***** The data *****

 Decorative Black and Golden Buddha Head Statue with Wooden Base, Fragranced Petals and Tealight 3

*****
***** The data *****

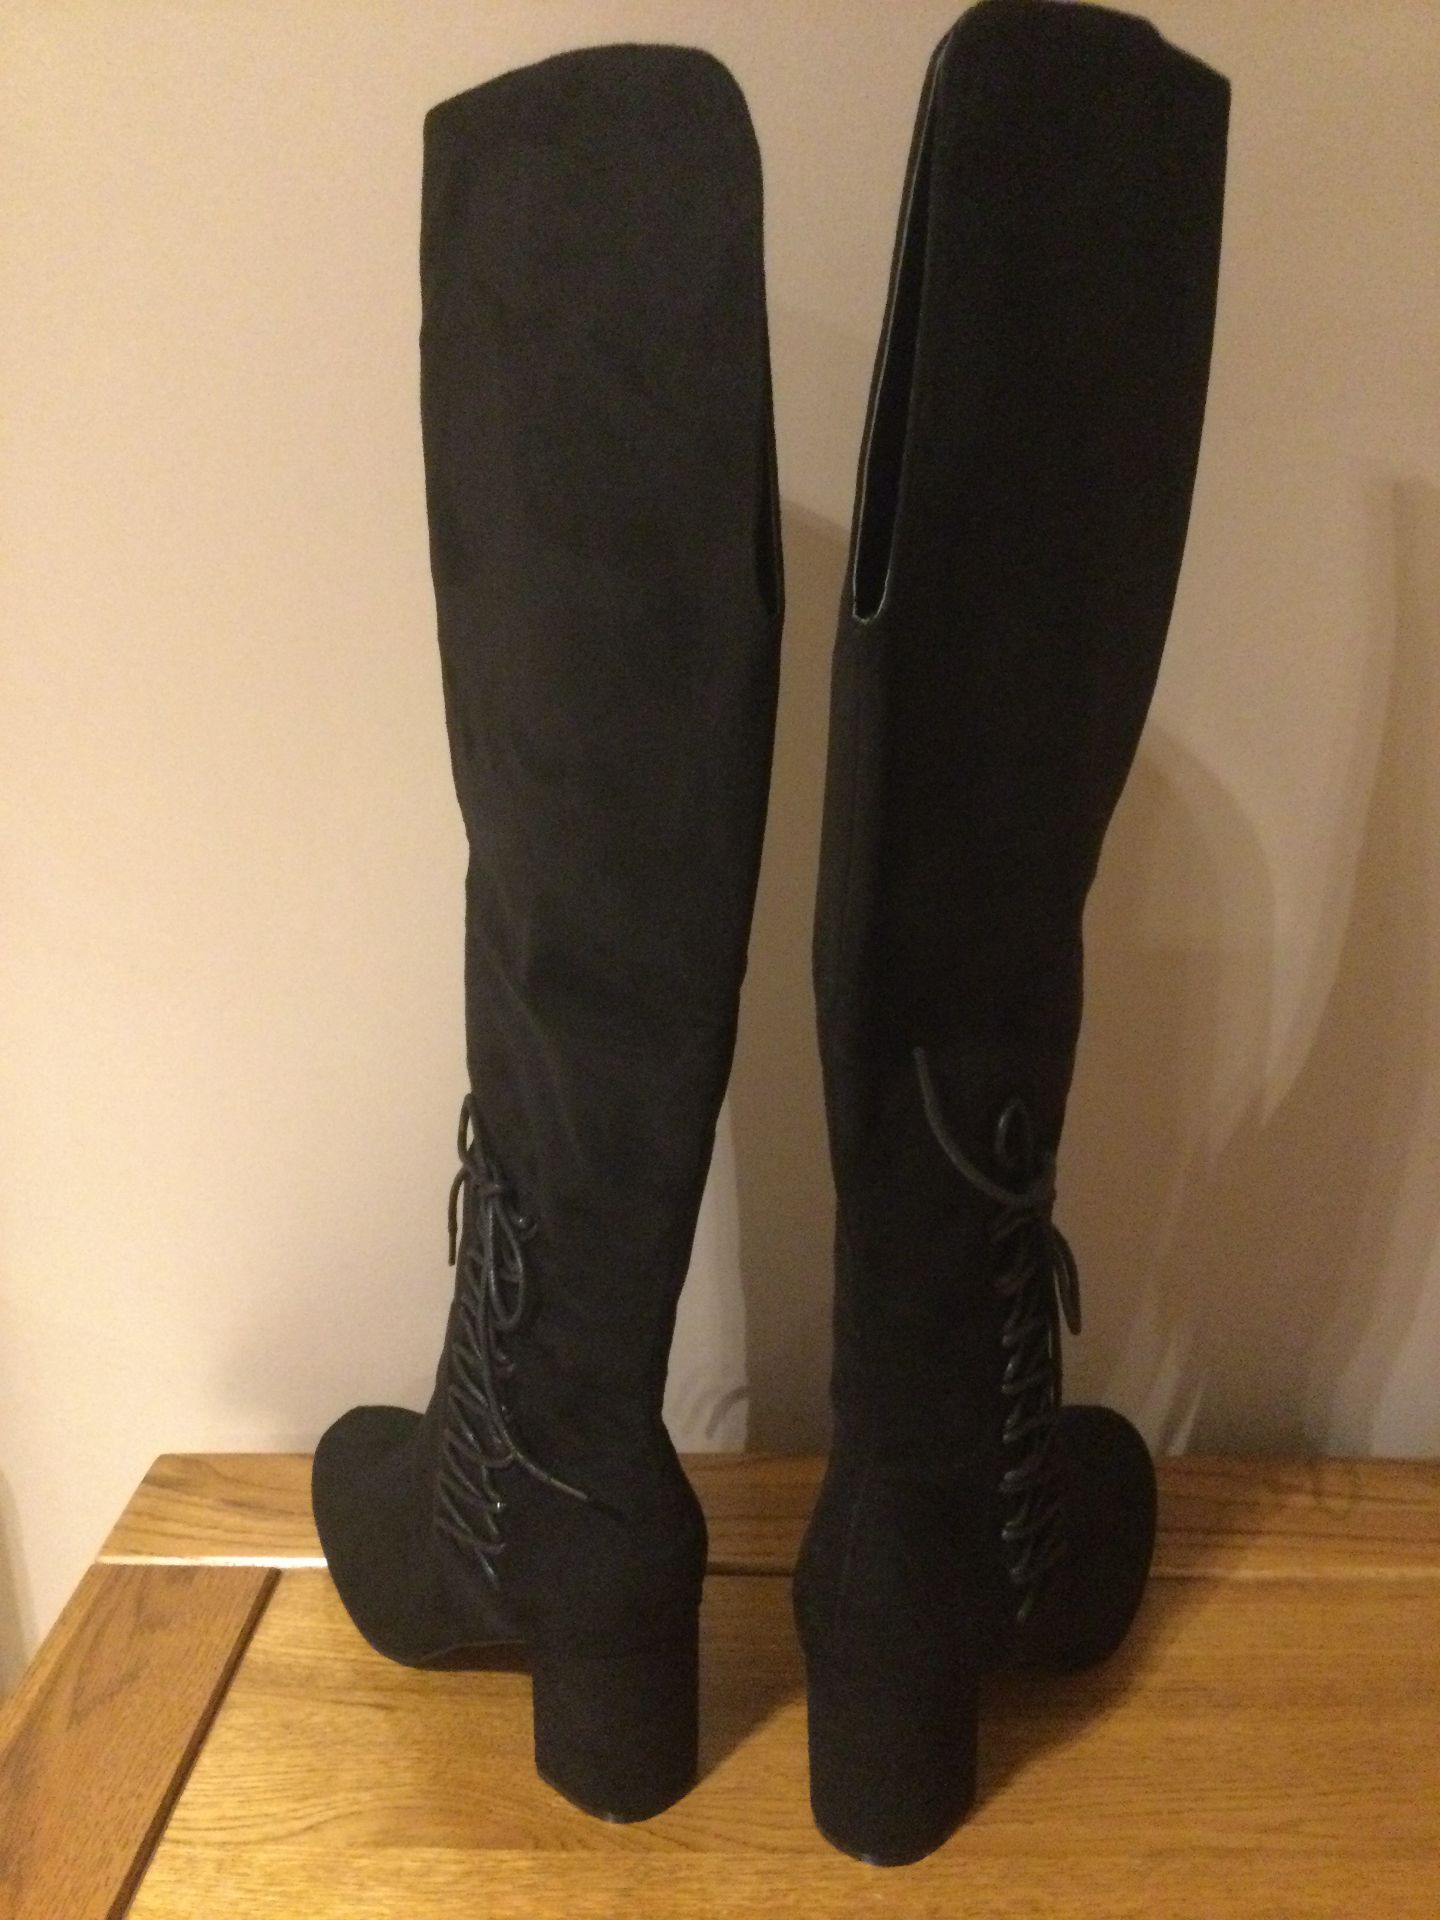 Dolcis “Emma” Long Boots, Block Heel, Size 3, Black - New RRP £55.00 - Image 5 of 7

*****
***** The data *****

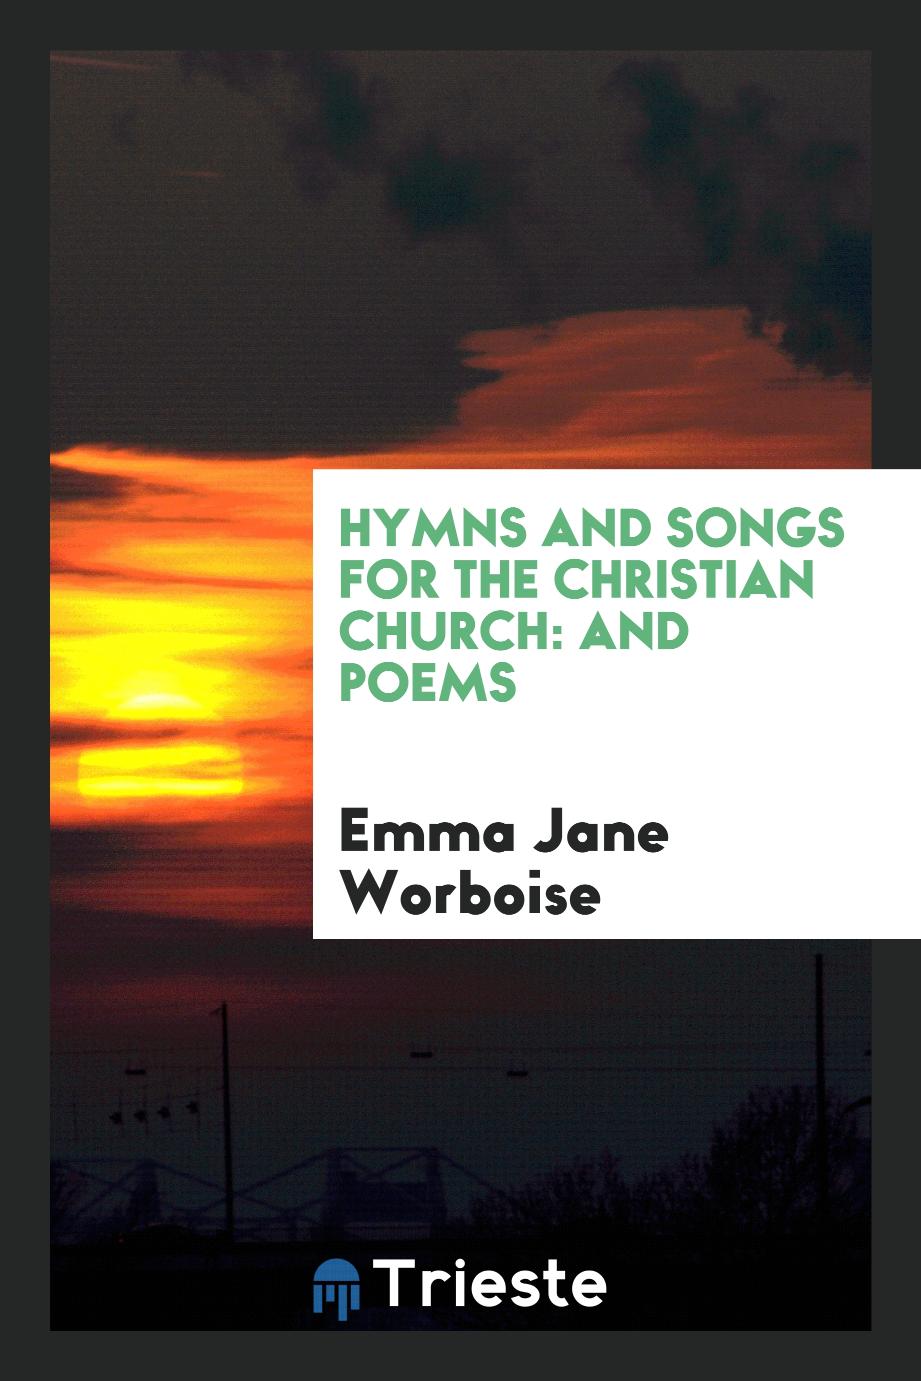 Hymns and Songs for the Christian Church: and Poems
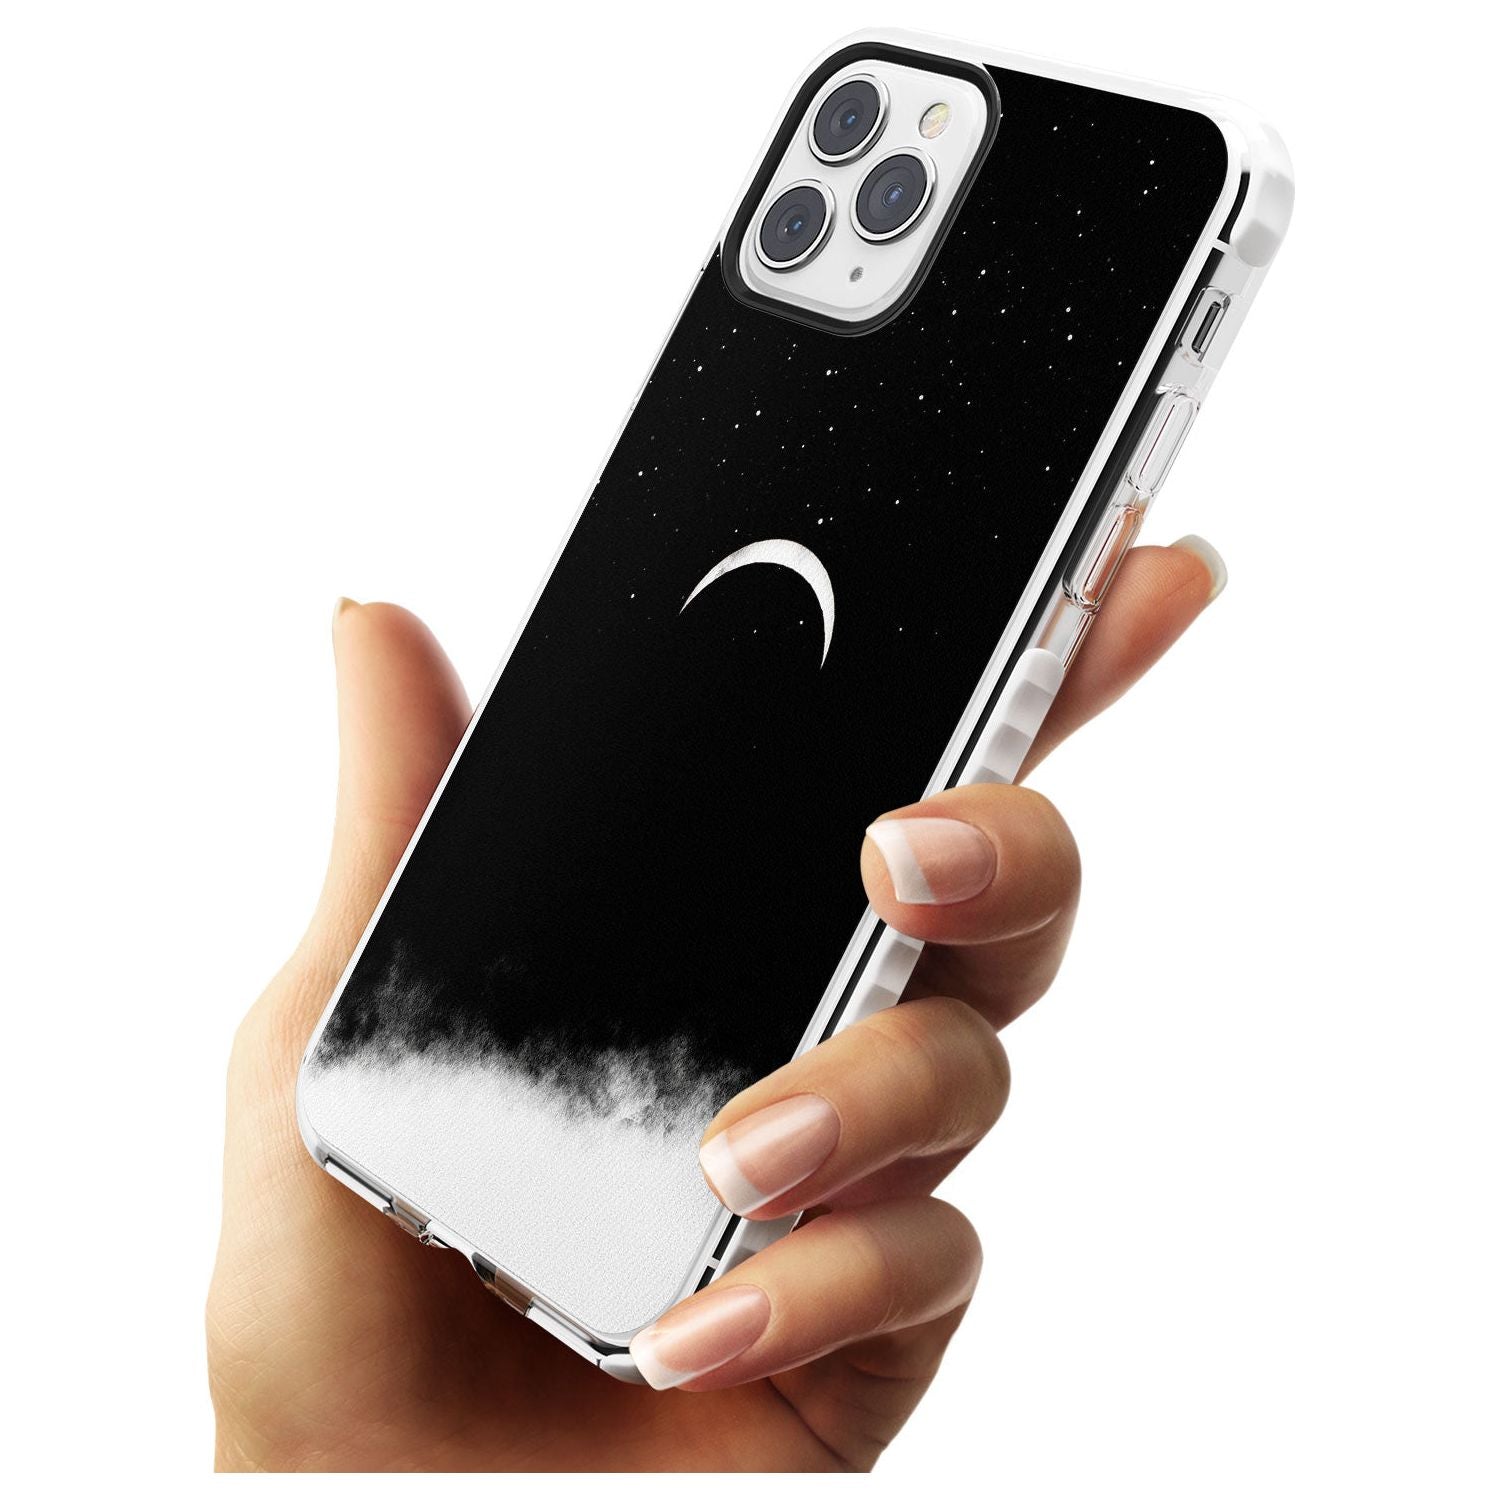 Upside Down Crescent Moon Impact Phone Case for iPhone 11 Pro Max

*****

## Work request
What you write must match the listing exactly, from the line with "Hymns and Songs" up to and including the line with "Upside Down Crescent". Pictures stay out.

## Task answer
 Hymns and Songs for the Christian Church: and Poems
 Upside Down Crescent Moon Impact Phone Case for iPhone 11 Pro Max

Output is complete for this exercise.